Роман достал скальпель и полоснул по руке. Кровь пролилась в воду и зашипела, пузырясь.

– Ты чего? – изумился водяной.

Колдун торжествующе улыбнулся.

– Вылезай, – повторил он, – а не то заживо сваришься. Ну!

– Зря ты это. Видишь, что со мной стало. Ты не краше вылезешь. Если, конечно, сумеешь. Можешь и на дне остаться.

Колдун рассмеялся:

– Да, обиделась она сильно – видишь, какое кипение. Река – она как женщина. Обиделась, что ее бросили, теперь мстит. Ну, ничего, помиримся. Случая такого не было, чтобы я у женщины милости не выпросил. И у реки выпрошу.

Роман сбросил куртку и рубашку, потом снял джинсы.

– Сумасшедший, – вздохнул водяной. – Через минуту кожа с тебя чулком слезет. Сожжет река, как пить дать сожжет! И мелкой косточки не останется, пена одна красная будет о берег биться.

– А может, и нет. Это ж моя река. Услышит добрые слова, голос мой узнает, и смилостивится.

– Женщина? Держи карман шире!

Водяной наконец выбрался на берег, волоча за собой мешок с добром. Не все сокровища, оказывается, в прошлый раз выиграл у него в кости водный колдун. Прибеднялся водяной, как всегда.

Роман шагнул к самой воде, опустил ладонь на поверхность. Кожу будто огнем опалило.

– А теперь, милая, мириться будем, – проговорил господин Вернон с усмешкой. – Ты ведь знаешь, что дед Севастьян прежде мелиоратором был – то есть речной душегуб и пытатель. Путь ручейка, которым ты начинаешься, хотел переиначить и в речку Темную направить. Но тут я родился. Дед Севастьян заговорил воды на спирт целую бочку, пили ту воду всем поселком по такому случаю. За то деда с работы выгнали. Так что только благодаря мне ты течешь. Не злись, милая. Ведь я тебя люблю.

– Ты мне об этом никогда не рассказывал, – вздохнула Пустосвятовка.

– Да как-то не было случая. Дед ведь всем говорил, что сам, по собственному желанию с работы ушел. Кто знает, может, так все и было: и нарочно дед пьянствовал и буйствовал, чтобы его с работы выгнали, другой его судьбу изломал и перерешил.


– Хорошо? – спросила река.

– Теперь хорошо.

– А ты вредный, – ласково плеснула вода.

Протекла быстрая струйка возле щеки, будто ладошкой погладила.
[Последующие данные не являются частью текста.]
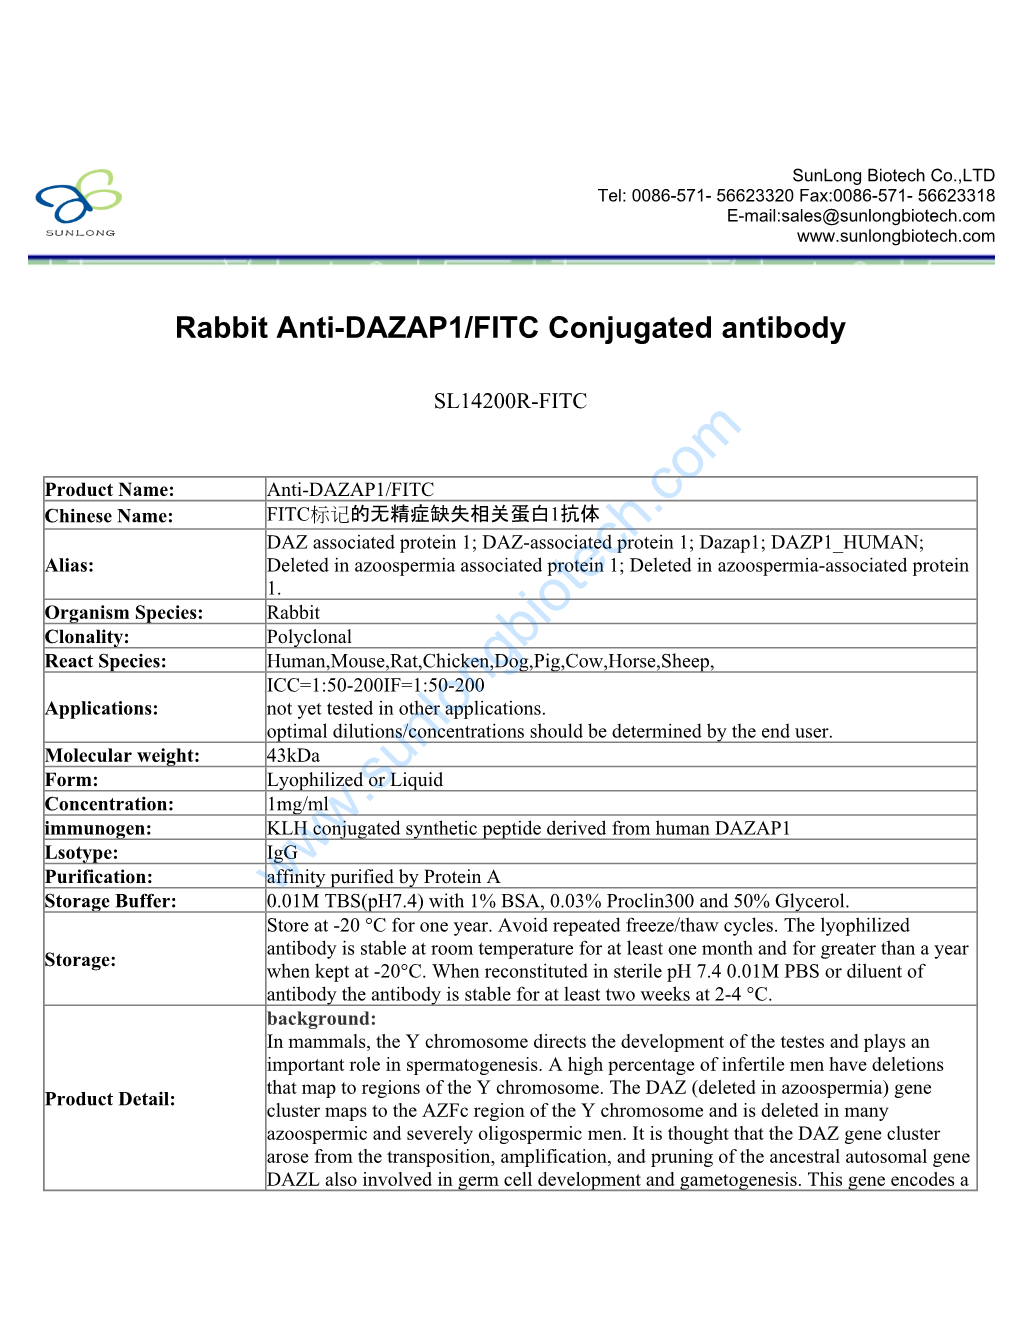 Rabbit Anti-DAZAP1/FITC Conjugated Antibody-SL14200R-FITC

Ластится.

– Да, вредный, – отозвался колдун. – Но учти, я тебя не бросал и никогда не брошу.

– Врешь.

– Тебе – никогда.

Роман лежал на дне и смотрел, как блики света играют на поверхности.

Они вновь были вместе – колдун и его река.
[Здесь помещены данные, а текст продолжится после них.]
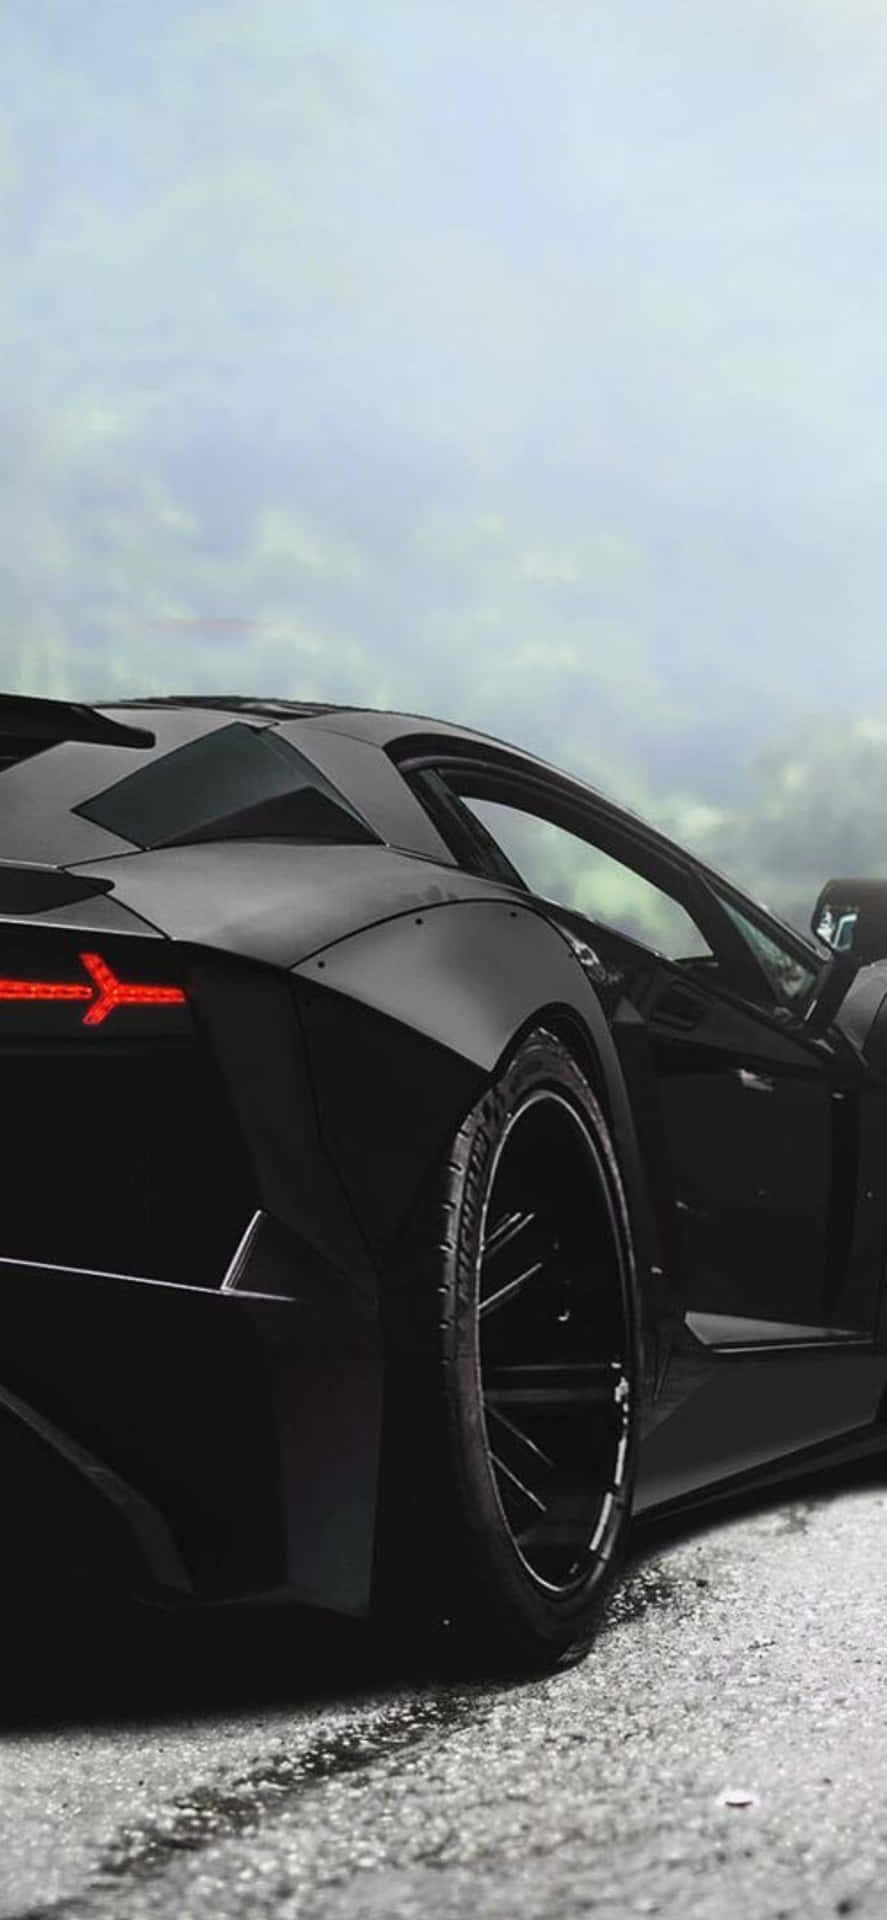 iPhone XS Max Lamborghini Black Rear Background

– Знаешь, я испугалась, – призналась она. Теперь можно было во всем признаться. – Прошлой осенью перед самым ледоставом явился один тип противный-препротивный, хотел огнем меня жечь.

– Реку – огнем? – усомнился колдун.

– Колдовским огнем, – уточнила она. – Все, думала, сейчас дохнет, и не станет меня, сгину, умру. То есть русло останется, влага в нем – тоже. А я – исчезну. И такой на меня ужас напал. Такой ужас… ужас… – Река заплескала, переживая заново прежний страх, закрутились мелкие водовороты, и там, на поверхности, побежала волна и ударила в сваи ветхого моста. Затрещала древесина, ахнула от ужаса спешившая за покупками в магазин тетка, ухватилась за ветхие перильца. – Но заклятия твои устояли, не смог огненный колдун ничего сделать. Не смог. Ушел. А я… я вдруг на тебя обиделась – ужас как! За то, что тебя в тот момент рядом не было. Должен быть, а не был. Не был… Этот тип явился и грозил огнем, а я одна… – Река все цедила обиду. – Одна-одинешенька. Без тебя. Льдом закрылась до самого дна. Всю зиму тряслась, а когда по весне лед вскрылся, так страшно было. Страшно, страшно, страшно, – повторяла река.

– Все в прошлом.

– Нет! Позавчера приходил на берег другой, куда сильнее первого.

– Тоже жег огнем?

– Нет. Я ведь мертвой прикинулась. С весны еще. Он лишь постоял, улыбнулся и ушел. Обманула его.

– Кто он?

– Не знаю. Но боюсь. Страшно… страшно… стра-ашно-о! – опять взволновалась вода.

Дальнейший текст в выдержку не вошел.